If it wasn't clear, it was intended to be self-deprecating because I was scout team.
Let me just give you my experience and the experience I've seen in my time around college football. Experiences may vary and different coaches may be different.
Scout team goes like this:
Each week coaches will put out a depth chart (it used to be required, not sure if it still is). That depth chart will be what is called "two-deep" and will essentially be the players that will make up the majority of players "dressed." Being dressed means you have a uniform for that game. If you think of the famous scene in Rudy when players are throwing their jersey on the desk of the coach, they're giving up their spot of being dressed that game for Rudy.
Typically, players not expected to be on the depth chart will make up your scout team. That team is just what it sounds like, they are intended to give the players who will actually play a way to scout their upcoming opponent. Throughout the week, you will mimic the players and plays of your upcoming opponent. This means you won't even be doing what your own team does. It may even mean you won't be playing your own position in practice that week. Playing a team with a fast option QB and you're a pocket passer? You probably don't even get a rep in practice that week, they'll most likely use a reserve DB or WR in that role who did it in high school.
Because you are copying the opponent, there is little growth potential on scout team. You are there to run core plays and concepts over-and-over and be the sacrificial lamb to the two-deep. My experience involved being a force player at S and the opponent liked to run power. A 180-pound freshman scout player playing force against the starting RS Sr. G was just as fun as it sounds.
On scout you are the lowest of the low.
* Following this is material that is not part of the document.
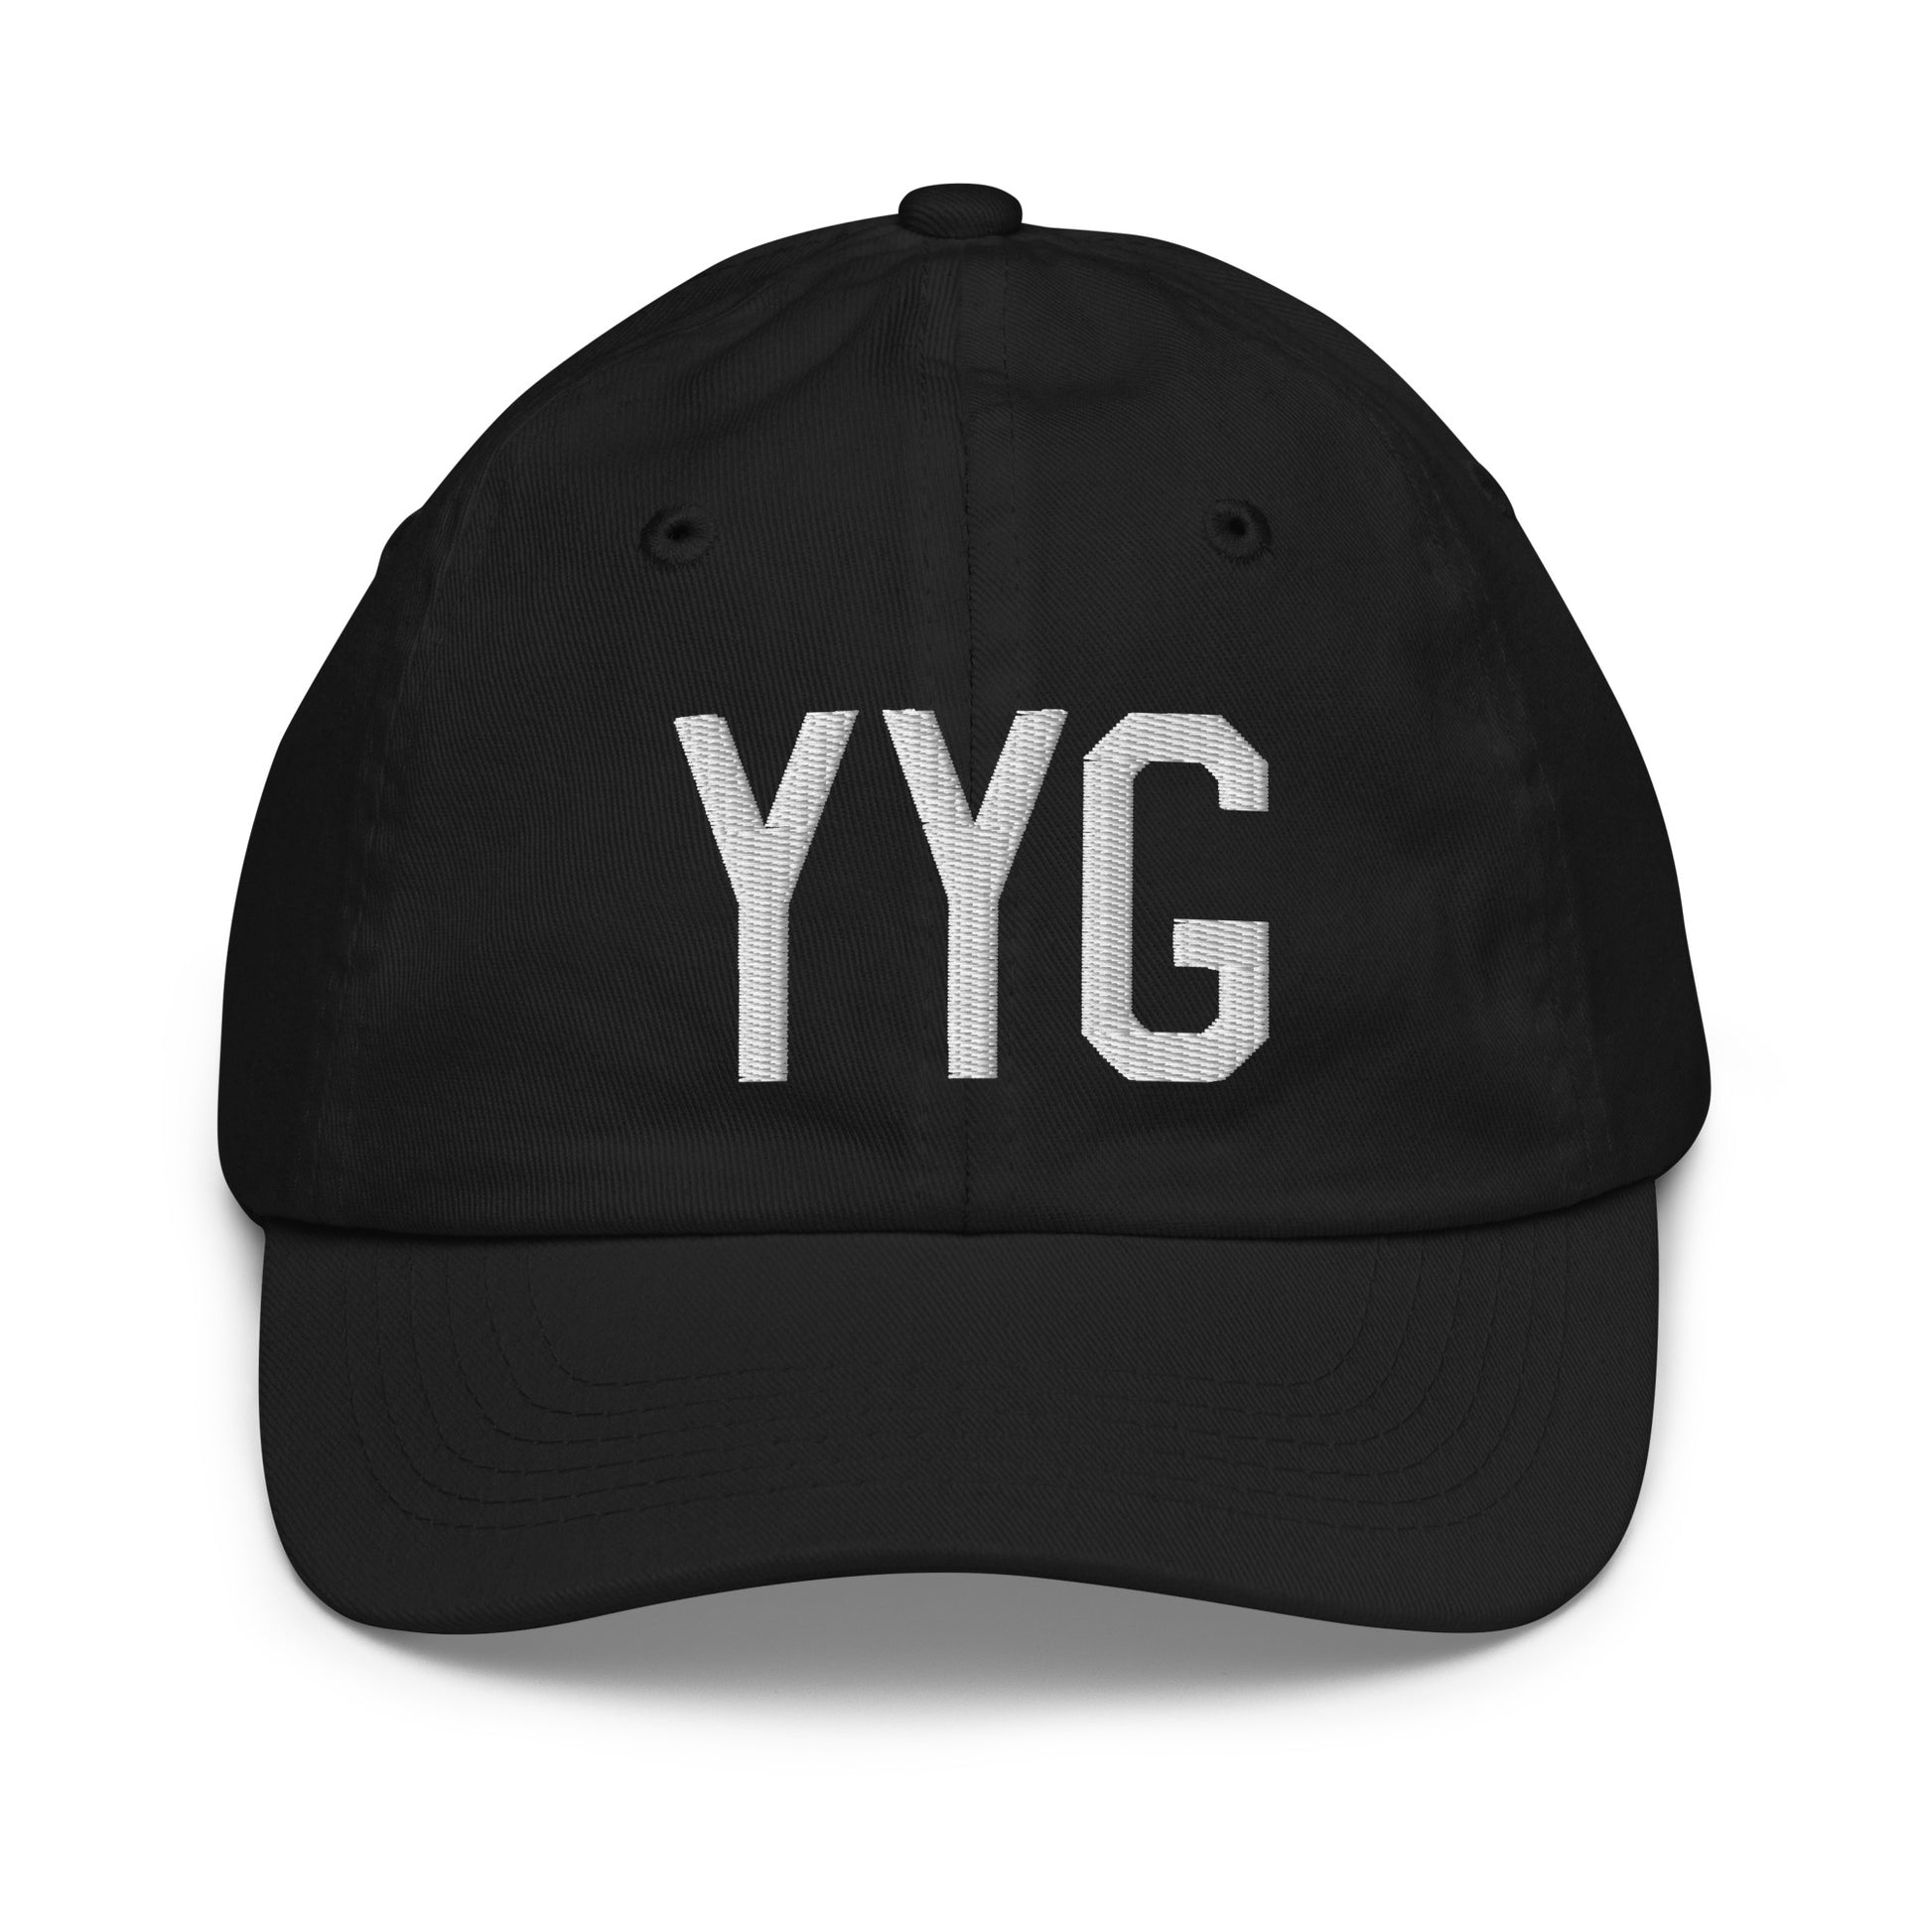 Airport Code Kid's Baseball Cap - White • YYG Charlottetown • YHM Designs - Image 11

You aren't there to develop or grow your game, you are there to help the players who are going to play get prepared. Coaches will tell you to take a hit differently. To take a different shoulder. To run it again and again and again, even though the two-deep is rotating in fresh players. They're not trying to keep you fresh; you aren't playing.
You are a tackling dummy. You are a practice player.
Being scout also means you are invisible to the top coaches. It's fairly known scout players are going to be in group one. The 5 AM group. You're going to get trained by the assistant S&C if you're lucky. Most likely it's a student S&C for your group. You aren't getting the same meal plan and attention to dieticians as the two-deep. You are working with the assistant to the assistant coach in spring camp, just hoping to get a chance to catch an eye and avoid scout.
Walk-ons aren't even seen as humans most of the time, just "that guy" or "get that guy in there" when they need to replace the corpse of the last poor scout sap out there.
The reason you hear/see/read players so excited to get into two-deep is the exponential jump in quality of life at practice. The HC might learn your name and number.
You even live a different life in film session, where it's almost completely downside because how are you going to stand out trying to mimic #33 from the upcoming opponent on a play you haven't practiced all year? Your assistant to the assistant is trying to become the assistant in his own career and will deuce all over you in film session at first chance to make sure it isn't on him.
Life on scout suuuuuucccccckkkkkkssss. And coaches want it that way because if scout was fun, players would want to do it instead of killing themselves to make two-deep.
Imagine you do all of that to sit in the crowd on game day with the rest of the students. While the two-deep gets their names in print and disseminated to media folks to read/see.
The portal era has probably changed a lot of things, but now if you're on scout for more than a year you also get cut as a reward for your sacrifice.